By understanding key genetic markers such as the MSTN gene, and the connections between height, maturation and respiratory risk, trainers can tailor their methods to meet the unique needs of each horse. Taking into consideration the horse’s temperament and genomic inbreeding value allows for further refinement.
Rocky Savio, Partner and head of track performance for Savio Cannon Thoroughbreds, said, "DNA testing not only helps reduce hereditary disease but also allows for the optimization of breeding and training strategies, leading to stronger, faster, and more resilient horses on the racetrack.” Savio and Michael Cannon’s deep understanding of these strategies is evident in their home-bred stallion, Smooth Like Strait, who achieved remarkable success with six stakes race wins before retiring sound to stand at War Horse Place.

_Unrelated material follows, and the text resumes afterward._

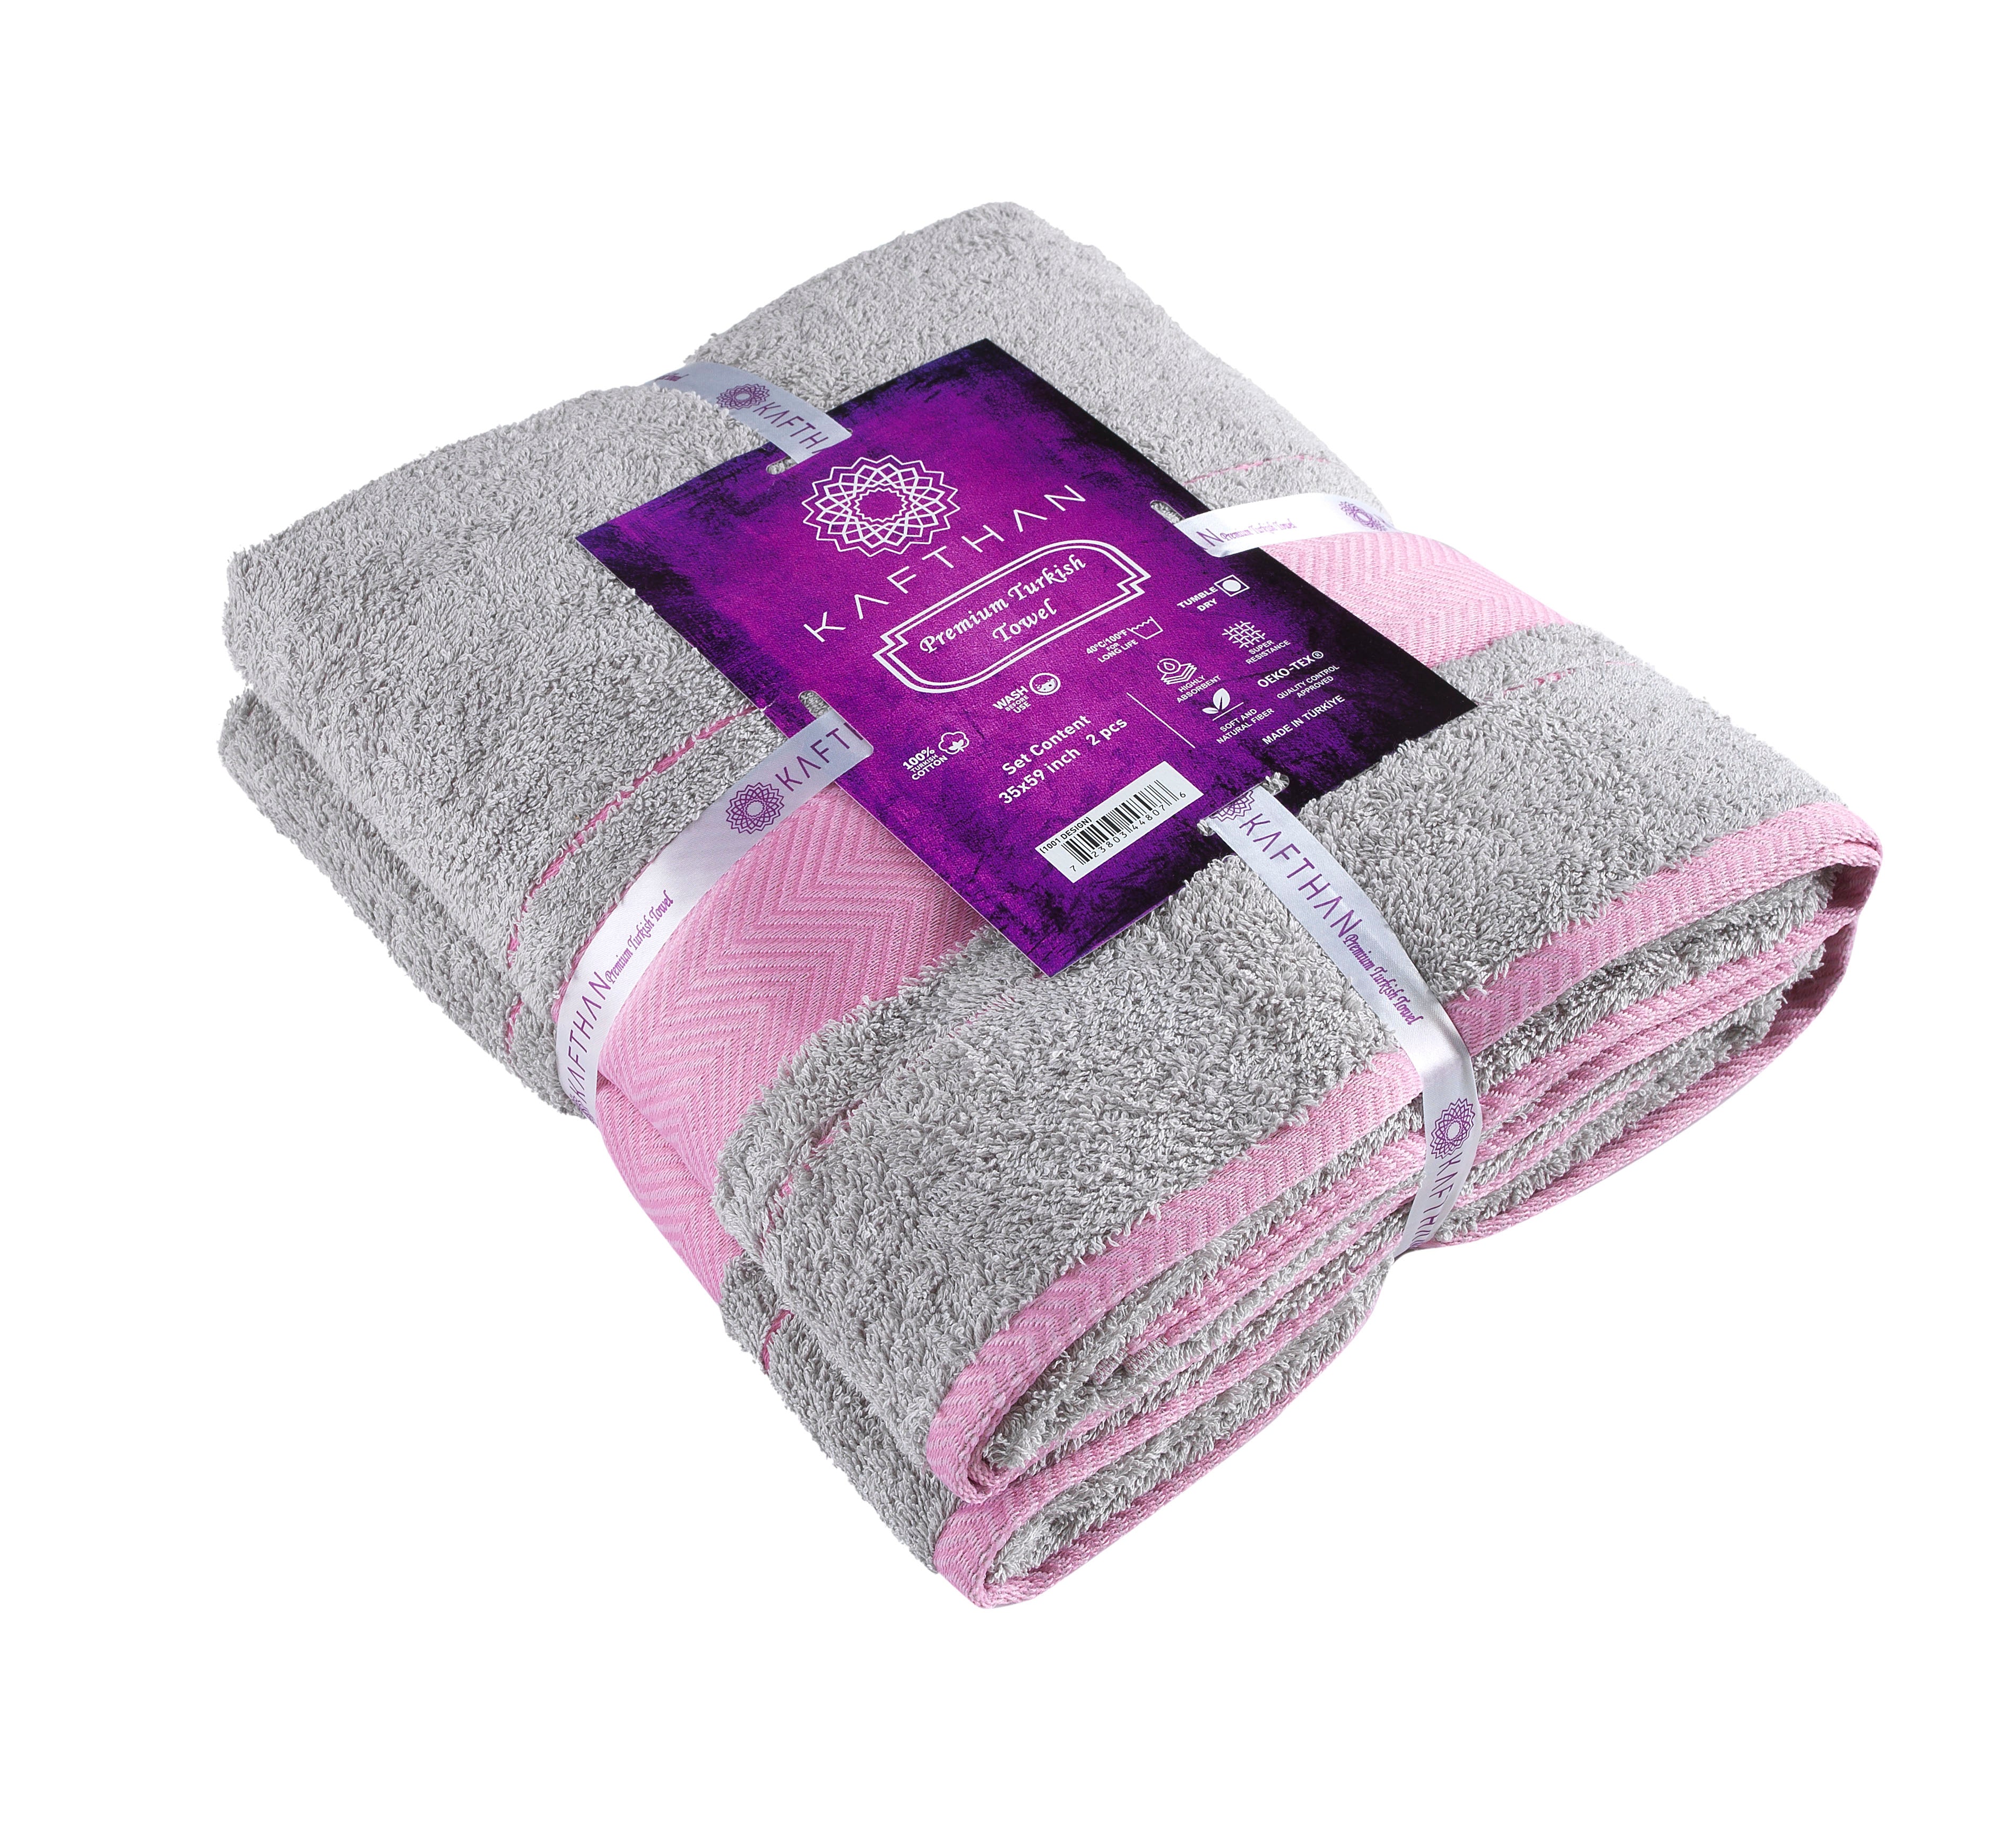 Fishbone Bath Towel, Cotton Turkish Towels - Set of 2

As the science of equine genomics continues to evolve, owners and trainers that incorporate these performance factors into their training programs will be at a distinct advantage—giving their horses the best possible chance to reach the winner’s circle. Performance genetics provide a profound edge, and with the precision of modern DNA analysis, the future of Thoroughbred training is shaping up to be faster, stronger and smarter than ever before.
References
Tozaki, T., Sato, F., Hill, E. M., Miyake, T., Endo, Y., Kakoi, H., Gawahara, H., Hirota, K., Nakano, Y., Nambo, Y., & Kurosawa, M. (2011b). Sequence variants at the myostatin gene locus influence the body composition of Thoroughbred horses. Journal of Veterinary Medical Science, 73(12), 1617-1624.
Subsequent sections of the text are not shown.